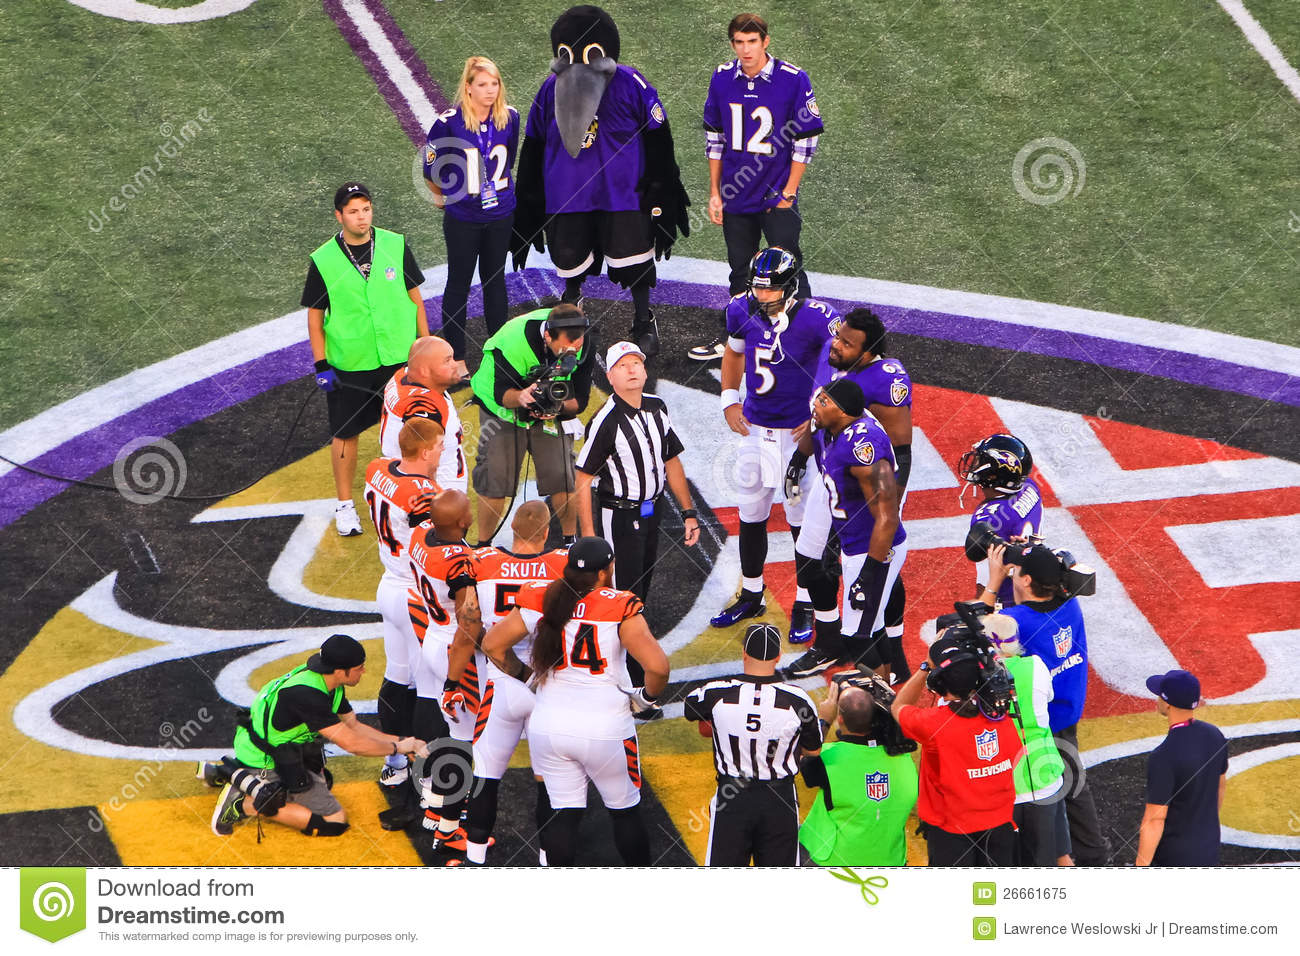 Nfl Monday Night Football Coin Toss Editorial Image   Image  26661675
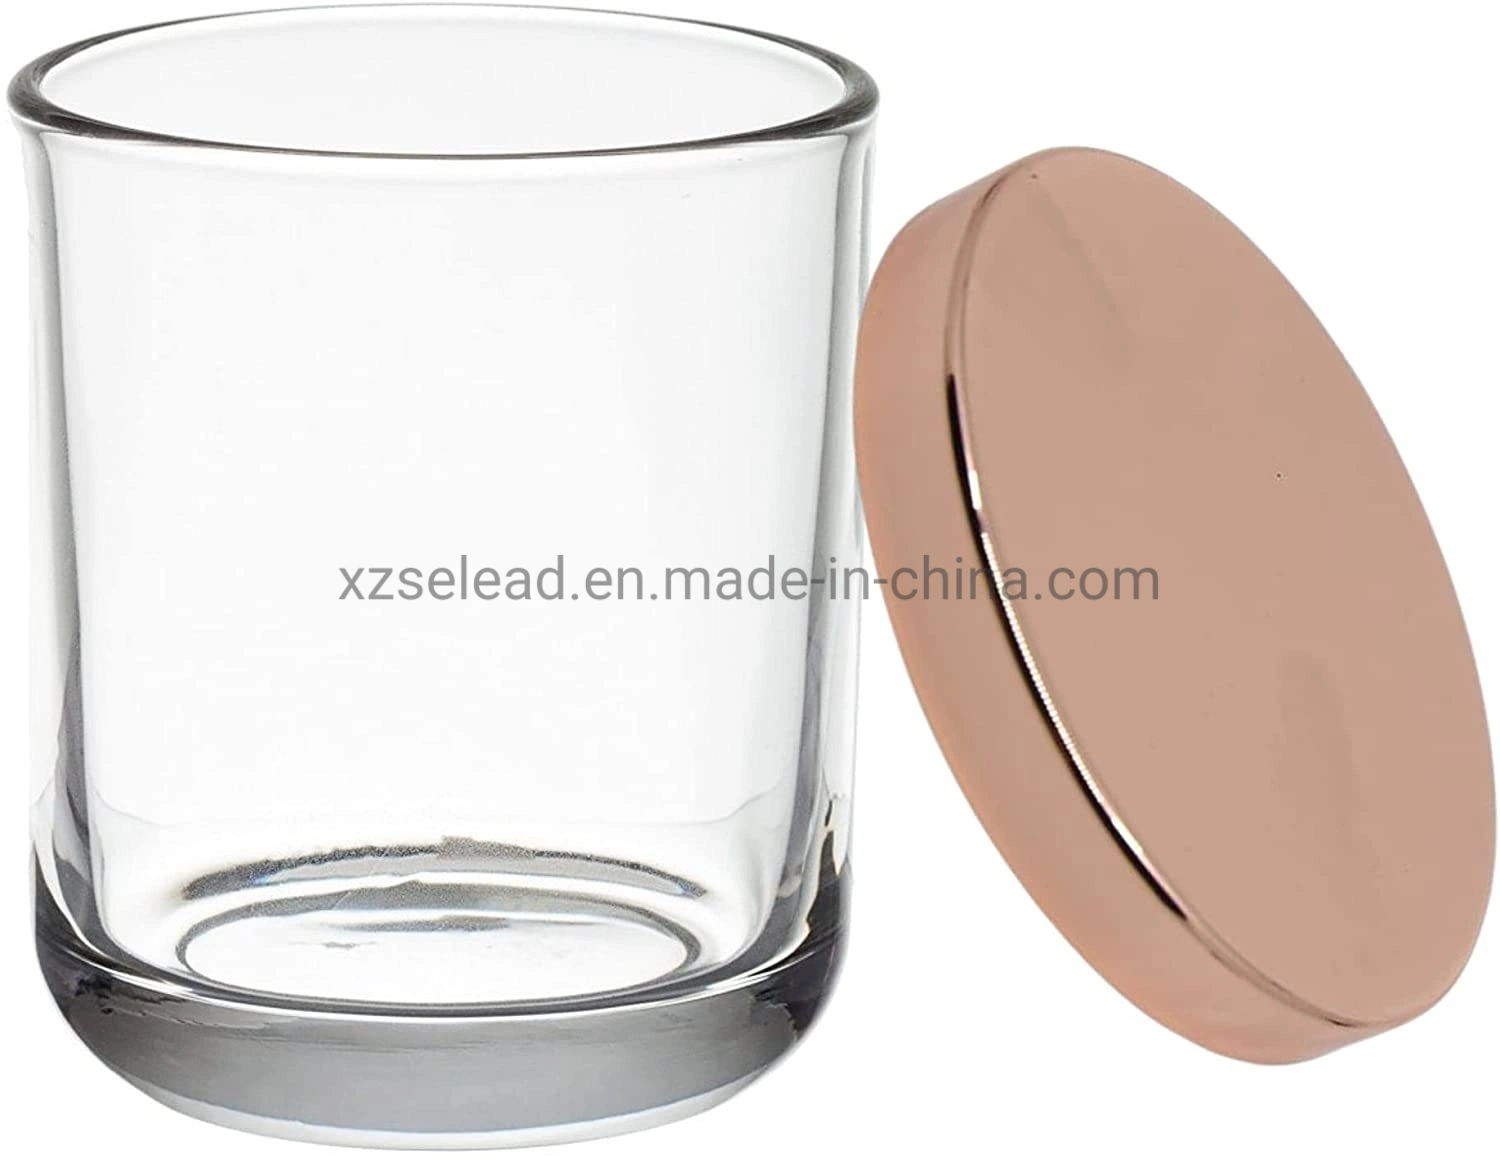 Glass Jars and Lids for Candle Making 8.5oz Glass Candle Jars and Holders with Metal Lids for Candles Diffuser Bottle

--

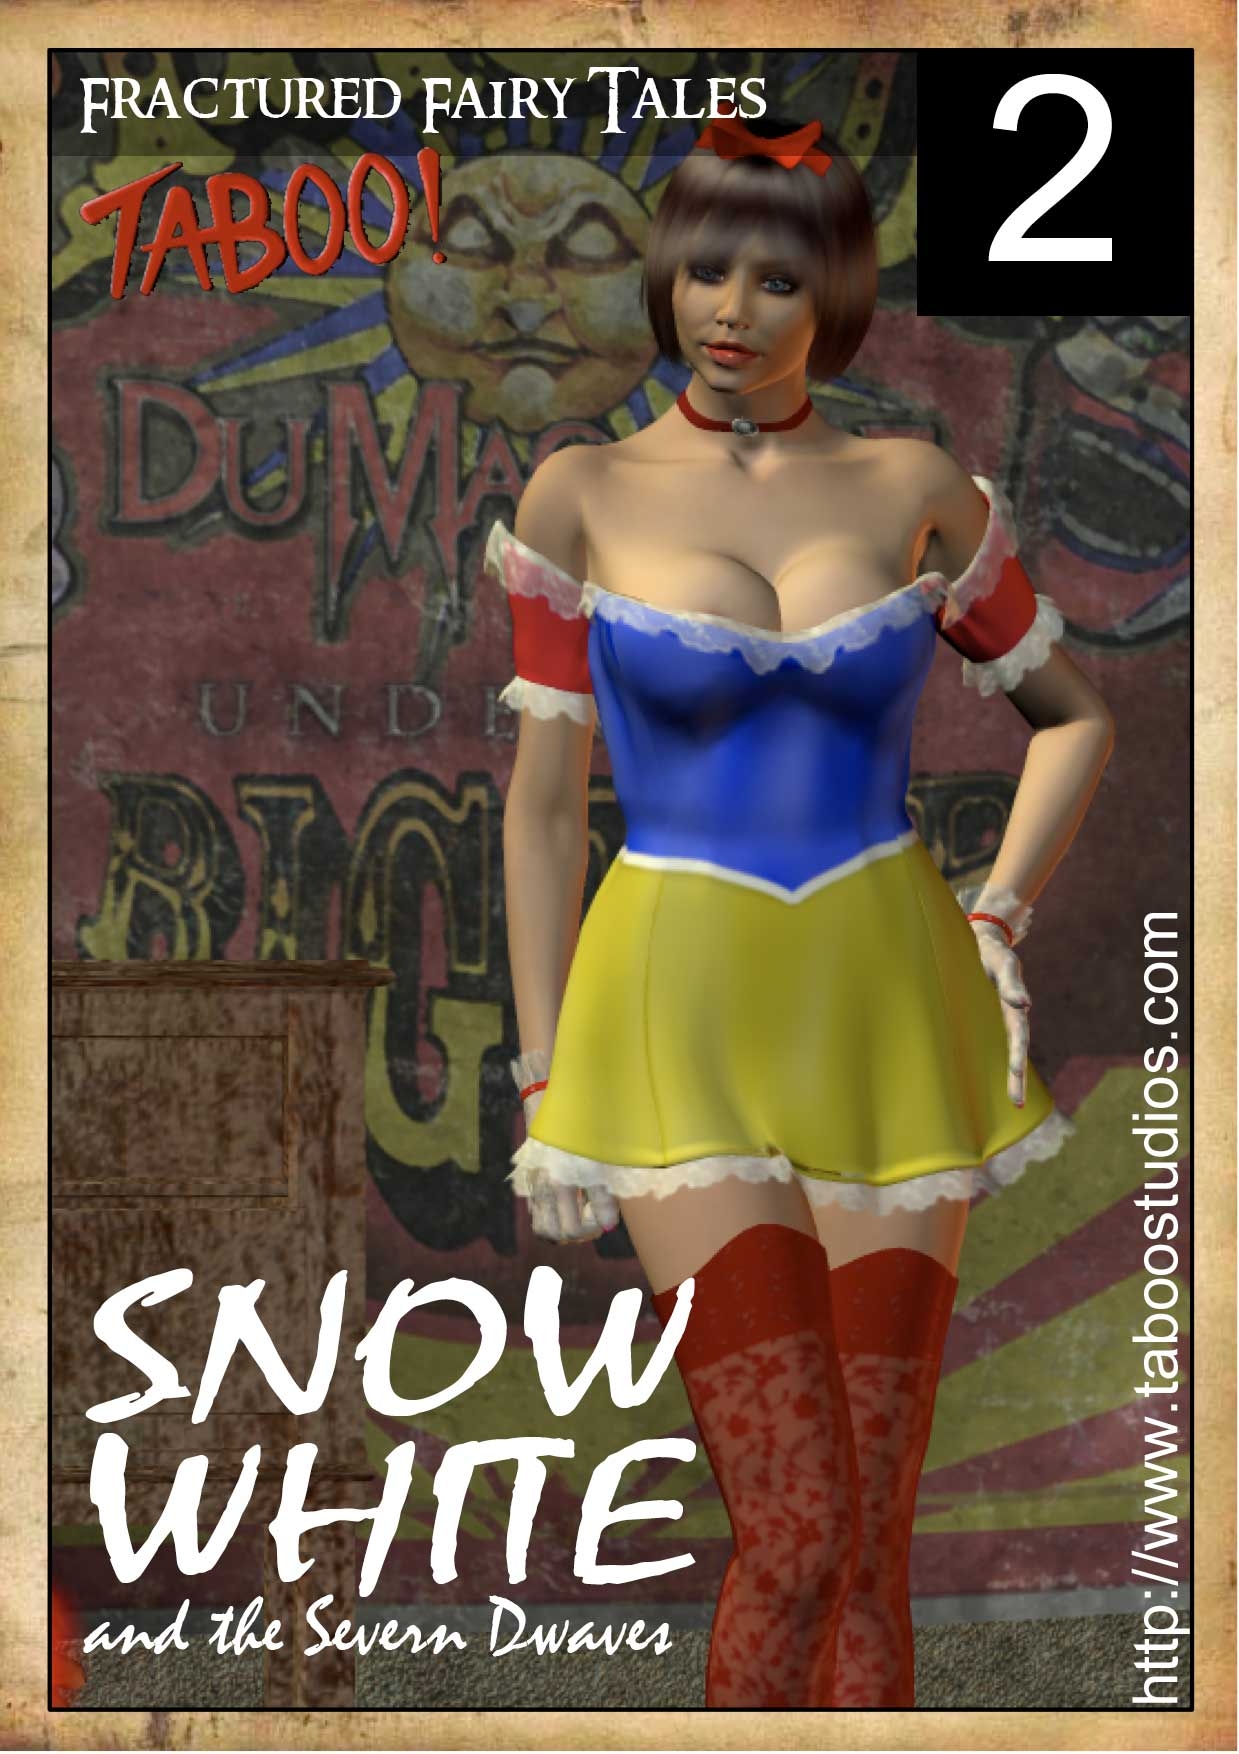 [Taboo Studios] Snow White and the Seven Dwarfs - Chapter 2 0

--

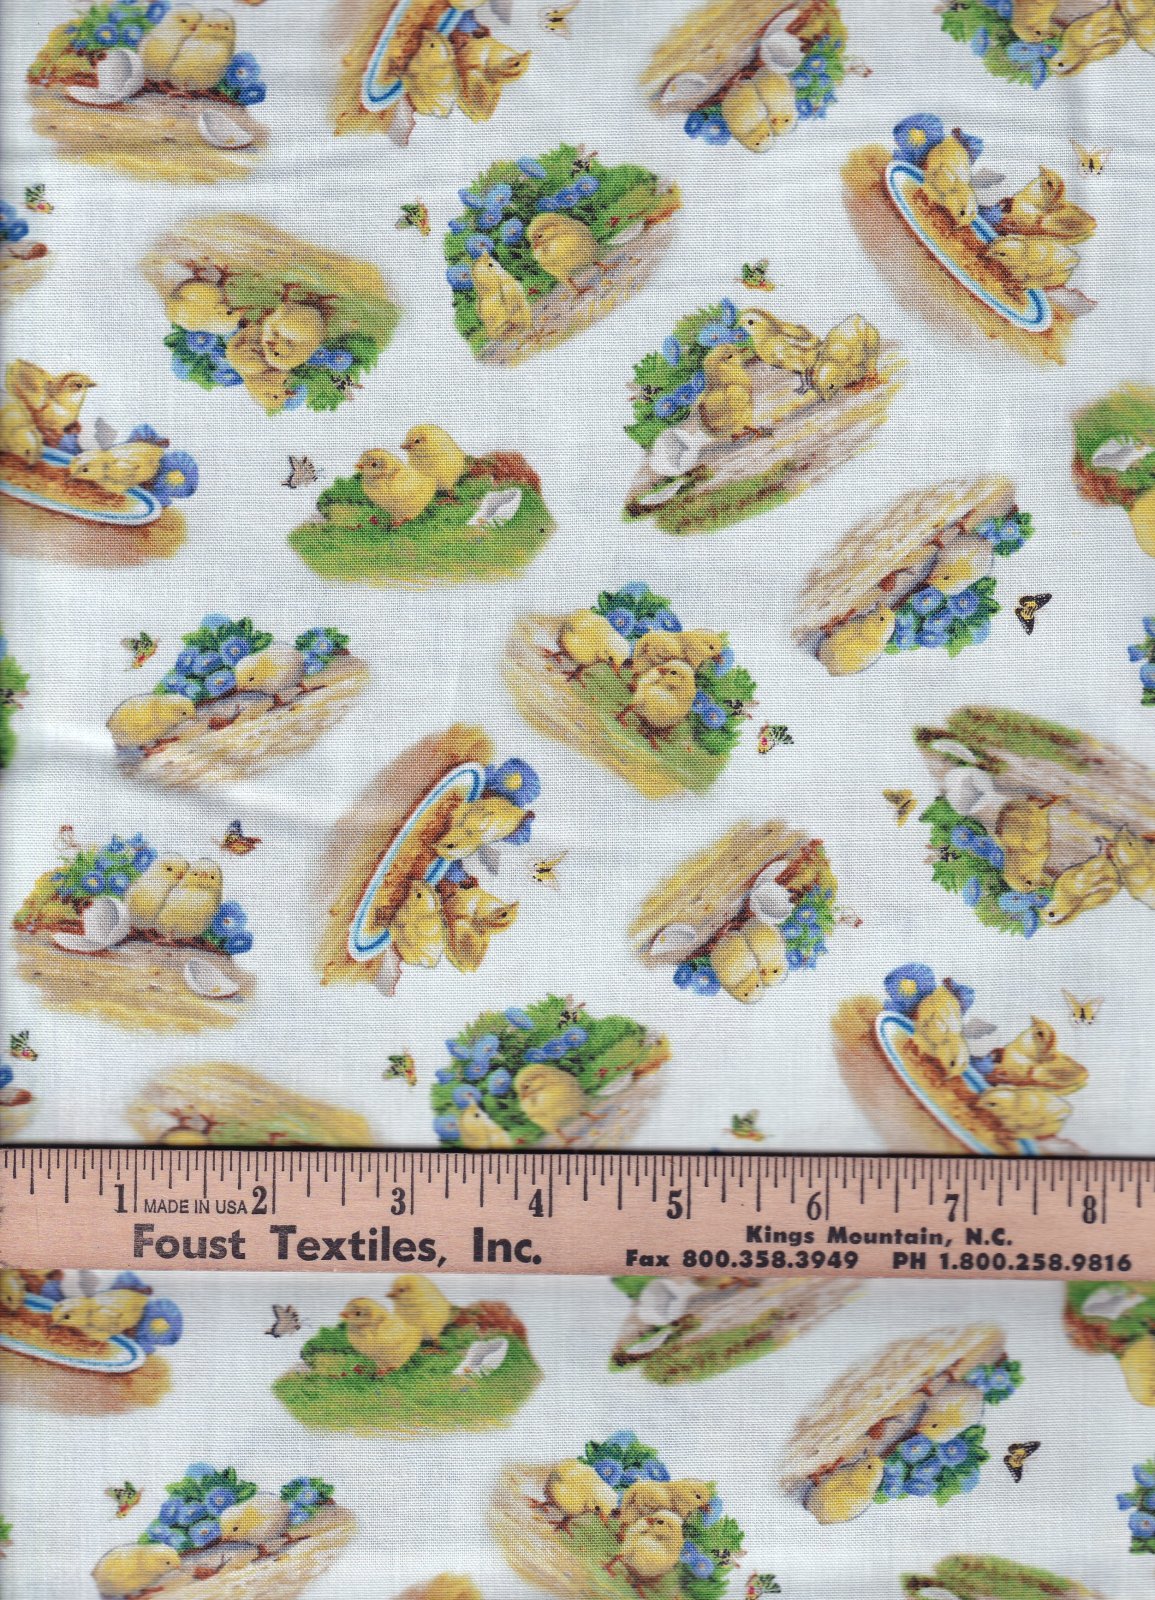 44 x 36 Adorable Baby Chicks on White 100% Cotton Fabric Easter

[Task details]
Transcribe the listing above exactly, but only from the line with "Nfl Monday Night" through the line with "Glass Jars and". Include both of those lines and omit the pictures.

[Response for this exercise]
 Nfl Monday Night Football Coin Toss Editorial Image   Image  26661675
 Glass Jars and Lids for Candle Making 8.5oz Glass Candle Jars and Holders with Metal Lids for Candles Diffuser Bottle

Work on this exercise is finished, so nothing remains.